“I intended waiting there only until I had consumed a sandwich, but when I rose to go, something held me back, and I tarried on and on, until the evening set in and dark and strangely formed shadows began to dim the walls and floor.
“As I was mounting the stairs to explore the upper premises a gentle gust of wind blew in my face and filled my nostrils with the most delightful odour of ‘cherry-pie.’ Intoxicated, I halted, and, leaning against the banisters, inhaled the perfume to the full extent of my lungs. Then I listened. The breeze rustling past me down the stairs rattled the window panes and jarred the doors, and seemed to disseminate, in its wake, new and even more perplexing shadows. Presently a door slammed, and I distinctly heard footsteps cross the hall and begin to ascend the stairs.

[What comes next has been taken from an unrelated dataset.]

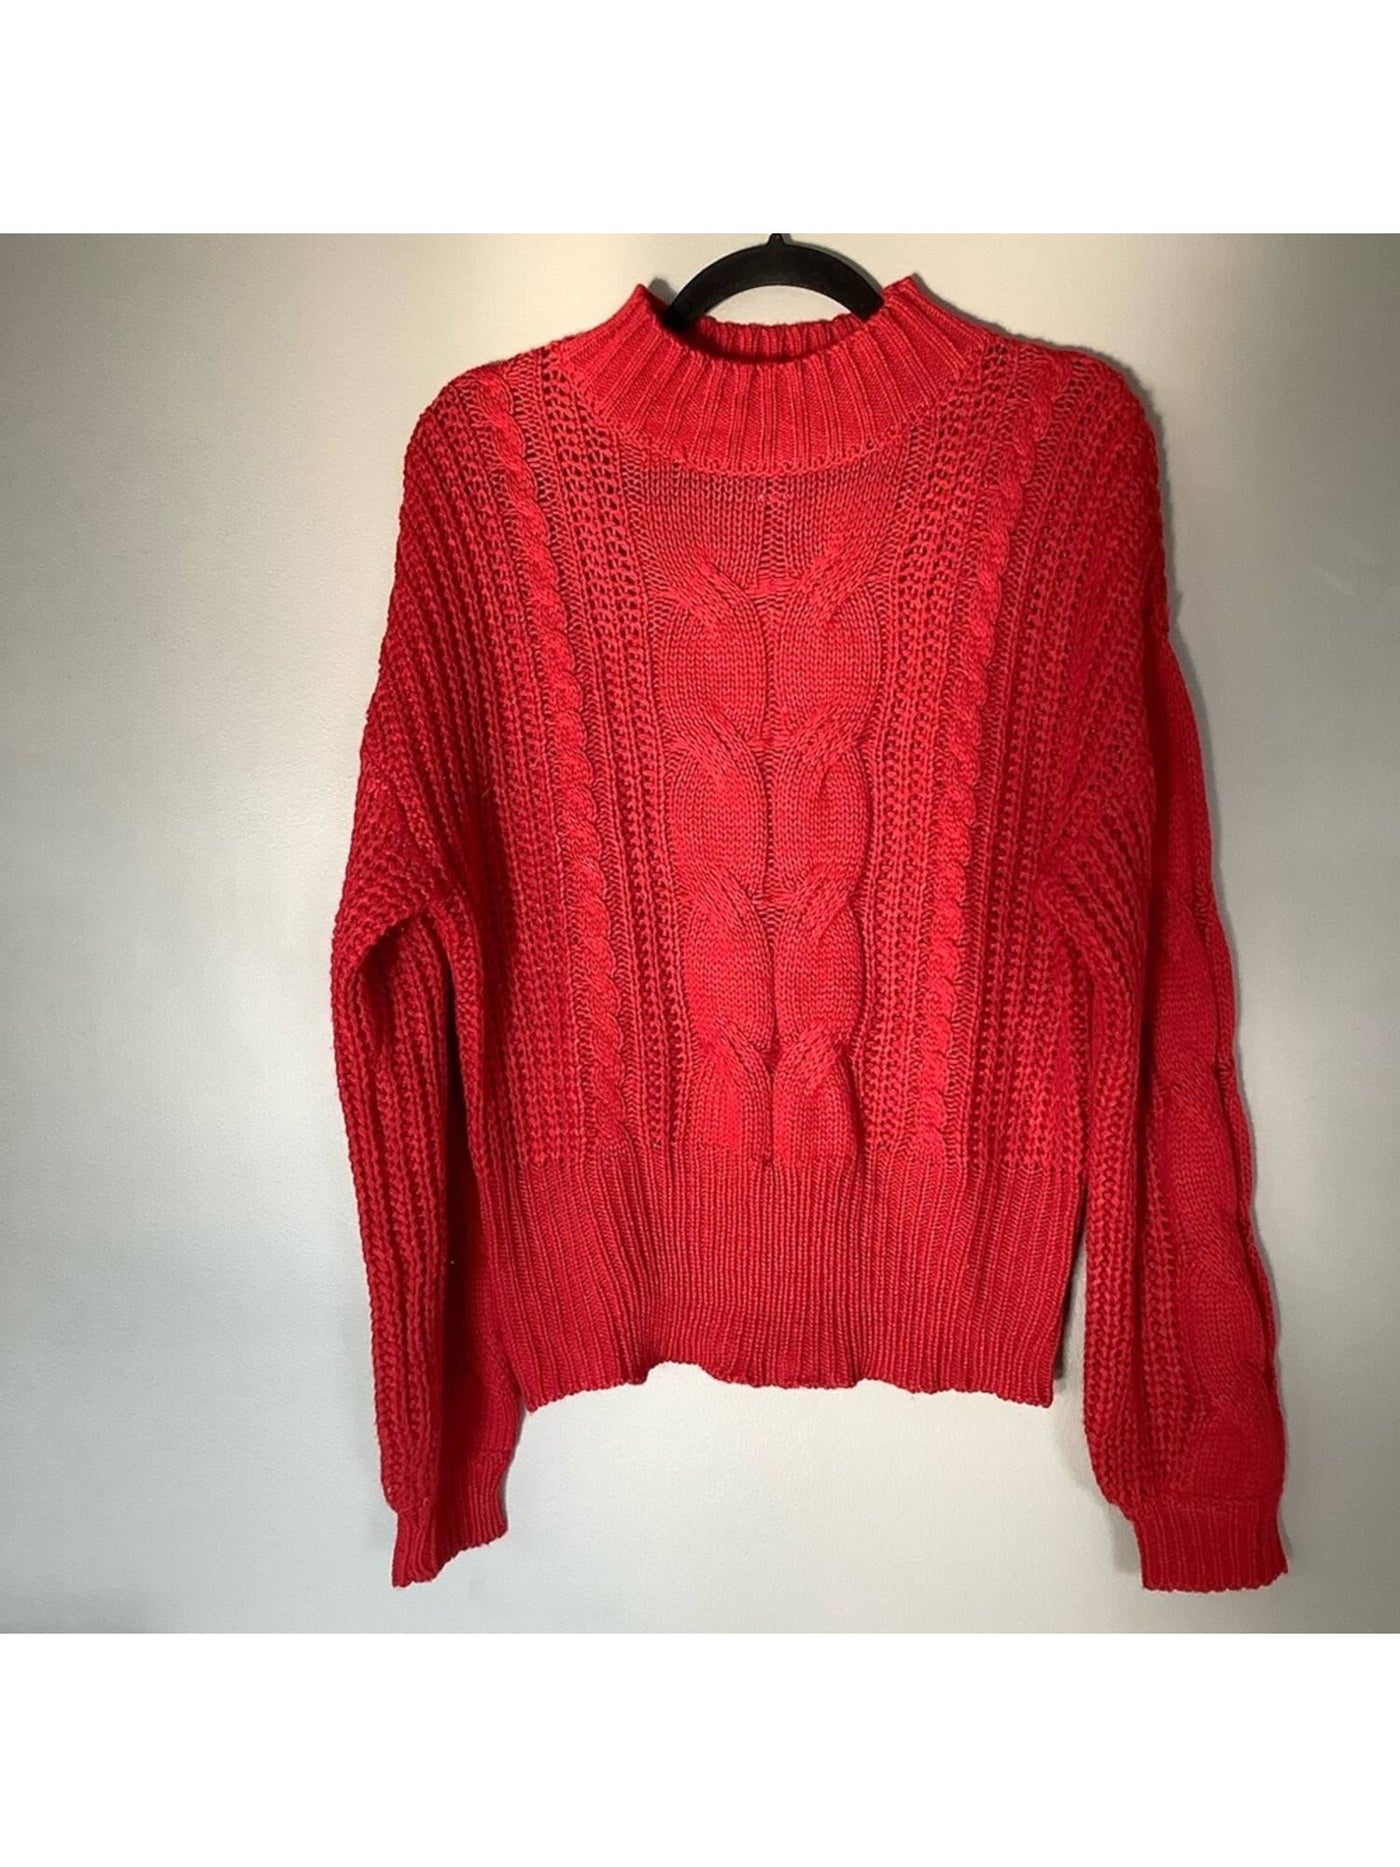 AMERICAN RAG Womens Red Cable-knit Pullover Long Sleeve Turtle Neck Sweater Juniors M

“It was now for the first time that terror laid hold of me, but the fascination of it was so compelling that I lowered my head over the balustrade to listen. I tried to reason the thing out. Why, I asked myself, should these footsteps alarm me? What was it that made them different from other footsteps? Surely there was no difference. And yet, if that were so, why was I certain that they were not the footsteps of any trespasser from outside? I debated earnestly, desperately, but could arrive at no other conclusion than that there was a difference, and that this difference did not lie in the sounds themselves, but in the sense of atmosphere they conveyed, an atmosphere that was peculiarly subtle and quite incompatible with the natural. At last I knew for certain that the sounds were superphysical, and yet such was my dread of the Unknown that I fought most frantically against my convictions.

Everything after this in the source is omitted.